»»

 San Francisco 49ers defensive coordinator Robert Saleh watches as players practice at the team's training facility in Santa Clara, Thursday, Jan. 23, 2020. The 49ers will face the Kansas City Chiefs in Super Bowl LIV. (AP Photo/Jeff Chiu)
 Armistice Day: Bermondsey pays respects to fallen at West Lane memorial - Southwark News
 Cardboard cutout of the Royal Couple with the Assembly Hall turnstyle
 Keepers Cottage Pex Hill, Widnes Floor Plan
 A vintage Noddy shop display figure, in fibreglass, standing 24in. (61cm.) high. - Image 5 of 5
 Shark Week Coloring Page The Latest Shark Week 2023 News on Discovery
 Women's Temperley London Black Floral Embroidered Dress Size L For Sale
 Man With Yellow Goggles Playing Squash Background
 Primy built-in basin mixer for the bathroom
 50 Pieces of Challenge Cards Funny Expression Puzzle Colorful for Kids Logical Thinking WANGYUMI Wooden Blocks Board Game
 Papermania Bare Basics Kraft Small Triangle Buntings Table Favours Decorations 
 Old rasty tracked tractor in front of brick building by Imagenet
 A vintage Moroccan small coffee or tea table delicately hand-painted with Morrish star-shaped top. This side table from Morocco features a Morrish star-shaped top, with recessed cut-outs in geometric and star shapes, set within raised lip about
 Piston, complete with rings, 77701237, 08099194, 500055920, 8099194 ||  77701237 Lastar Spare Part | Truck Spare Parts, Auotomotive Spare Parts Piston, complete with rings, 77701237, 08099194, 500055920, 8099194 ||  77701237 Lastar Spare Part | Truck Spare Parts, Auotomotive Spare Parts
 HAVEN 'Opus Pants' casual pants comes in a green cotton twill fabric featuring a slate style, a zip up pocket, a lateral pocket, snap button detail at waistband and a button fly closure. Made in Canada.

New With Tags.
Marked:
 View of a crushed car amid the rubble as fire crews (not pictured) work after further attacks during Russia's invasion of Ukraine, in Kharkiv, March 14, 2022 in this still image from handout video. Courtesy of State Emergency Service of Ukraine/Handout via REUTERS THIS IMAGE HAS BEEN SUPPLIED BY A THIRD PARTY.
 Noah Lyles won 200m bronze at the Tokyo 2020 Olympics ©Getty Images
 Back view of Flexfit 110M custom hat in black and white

««

**Instructions to follow:**
Copy the stretch of the records above that runs from the line with "Cardboard cutout of" through the line with "A vintage Moroccan". Both end lines belong in the copy, and nothing else does.

**The completed task:**
 Cardboard cutout of the Royal Couple with the Assembly Hall turnstyle
 Keepers Cottage Pex Hill, Widnes Floor Plan
 A vintage Noddy shop display figure, in fibreglass, standing 24in. (61cm.) high. - Image 5 of 5
 Shark Week Coloring Page The Latest Shark Week 2023 News on Discovery
 Women's Temperley London Black Floral Embroidered Dress Size L For Sale
 Man With Yellow Goggles Playing Squash Background
 Primy built-in basin mixer for the bathroom
 50 Pieces of Challenge Cards Funny Expression Puzzle Colorful for Kids Logical Thinking WANGYUMI Wooden Blocks Board Game
 Papermania Bare Basics Kraft Small Triangle Buntings Table Favours Decorations 
 Old rasty tracked tractor in front of brick building by Imagenet
 A vintage Moroccan small coffee or tea table delicately hand-painted with Morrish star-shaped top. This side table from Morocco features a Morrish star-shaped top, with recessed cut-outs in geometric and star shapes, set within raised lip about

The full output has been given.